Corn fell the most in more than four months and soybeans declined to the lowest in seven weeks on speculation that rain will improve prospects for newly planted crops in the U.S., the world’s biggest producer and exporter.
As much as 3 inches (7.6 centimeters) of rain forecast from May 23 to May 24 will boost soil moisture from South Dakota to Iowa before moving east into Illinois and Wisconsin, Global Weather Monitoring said in a report today. A second storm will reach the Midwest beginning May 28. About 77 percent of U.S. corn was in good or excellent condition on May 20, the highest since 2007, the government said.
“The market is focused on the weather, and timely rains the next three weeks will quickly boost the odds in favor of a big corn harvest,” Chad Henderson, a market analyst for Prime Agricultural Consultants Inc. in Brookfield, Wisconsin, said in a telephone interview. “These wetter forecasts are keeping pressure on the markets today.”
Corn futures for July delivery plunged 5.7 percent to close at $5.97 a bushel at 1:15 p.m. on the Chicago Board of Trade, the biggest drop since Jan. 12. Last week, the most-active contract jumped 9.4 percent on speculation that hot, dry weather will threaten U.S. production. Corn for December delivery, after the harvest, retreated 3.4 percent to $5.22.
Soybean futures for July delivery dropped 2.1 percent to $13.8225 a bushel in Chicago, after touching $13.75, the lowest since March 30. The contract for delivery in November, after the harvest, slid 1.8 percent to $12.8225.
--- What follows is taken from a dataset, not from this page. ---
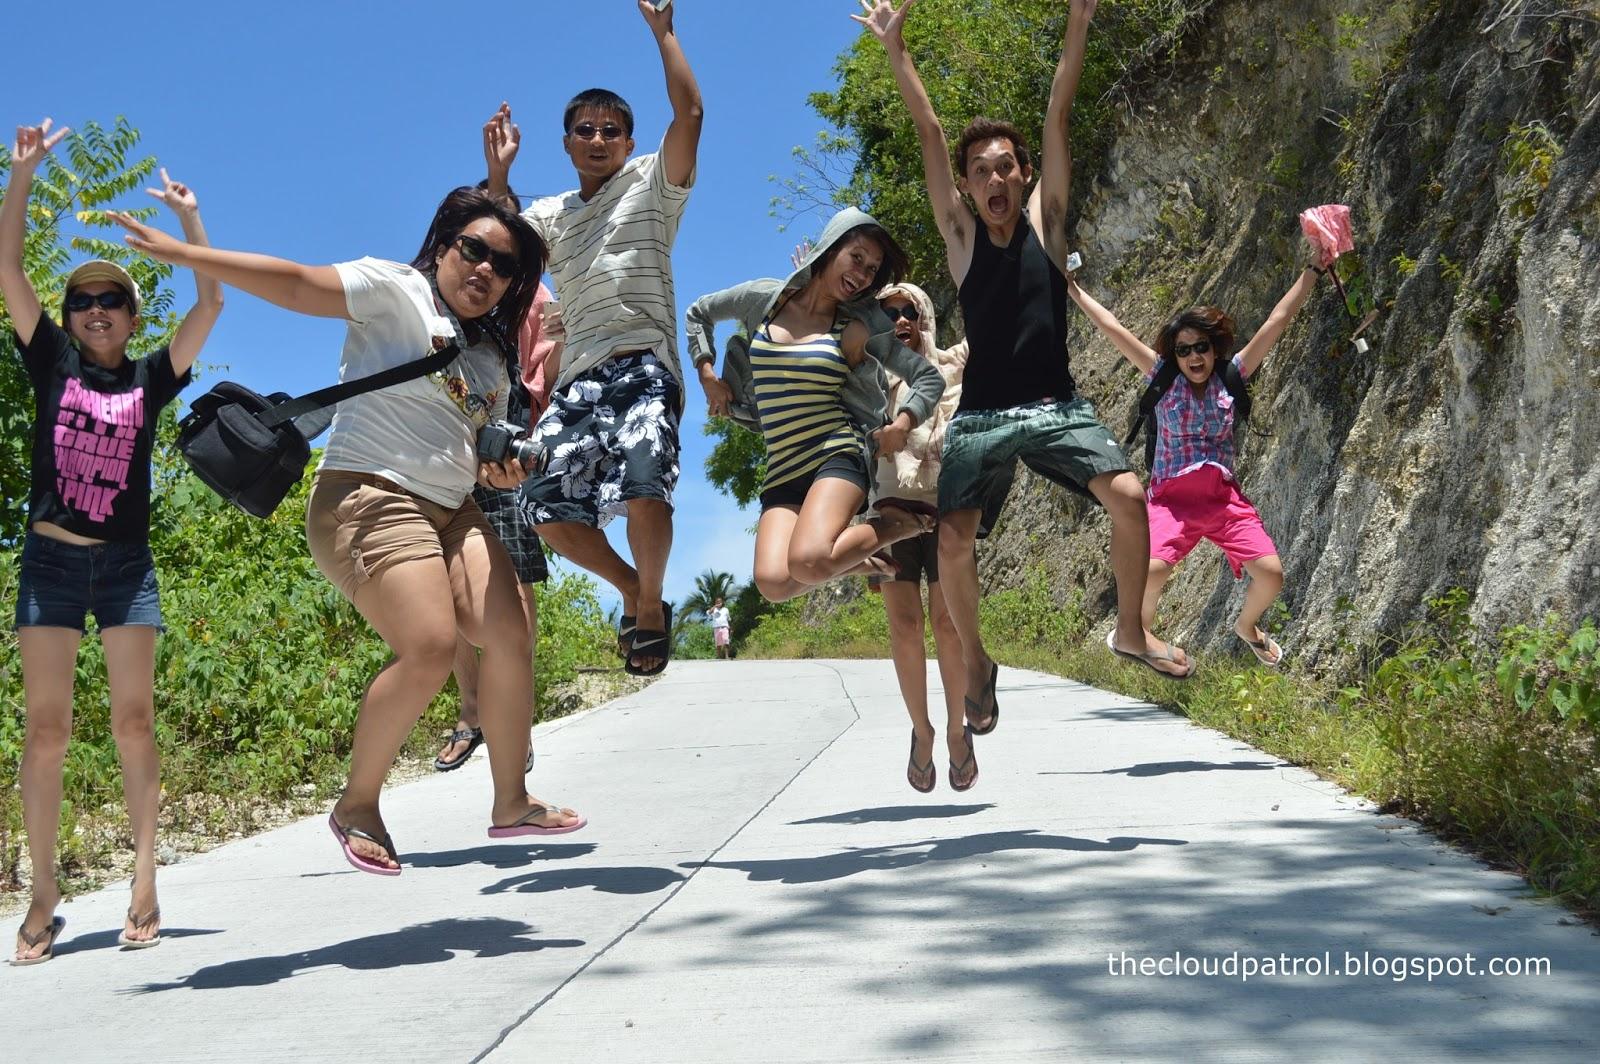 Butanding, whale shark, cebu, oslob, philippines, Tumalog, Waterfalls, mountain, hiking, hike, treking, trek, jumpshot, jup, shot, friends, barkada, trip,

Prices also fell on slowing Chinese demand for U.S. supplies, said Mike Zuzolo, the president of Global Commodity Analytics & Consulting. There were no overnight sales announcements from the U.S. Department of Agriculture. Yesterday, the department said corn inspected for export in the week ended May 17 fell 16 percent to 23.26 million bushels, the lowest since January.
The premium paid for corn delivered to export terminals near New Orleans fell 9 cents to an average of 78 cents over July futures from 87 cents yesterday, USDA data show. Soybean premiums fell 3 cents to 54 cents over July futures, the third straight decline.
Pork prices in China, the biggest hog producer and top importer of soybeans, fell 1 percent last week, the 16th straight decline, Xinhua news agency reported today, citing Ministry of Commerce data. Corn is used in livestock feed.
“The trade expects that China is not going to be the demand base for agricultural imports that they have been the last 18 months,” Zuzolo said in a telephone interview. “Trading funds are liquidating long positions in the grain markets.”
Corn is the biggest U.S. crop, valued at $66.7 billion in 2010, followed by soybeans at $38.9 billion, USDA data show.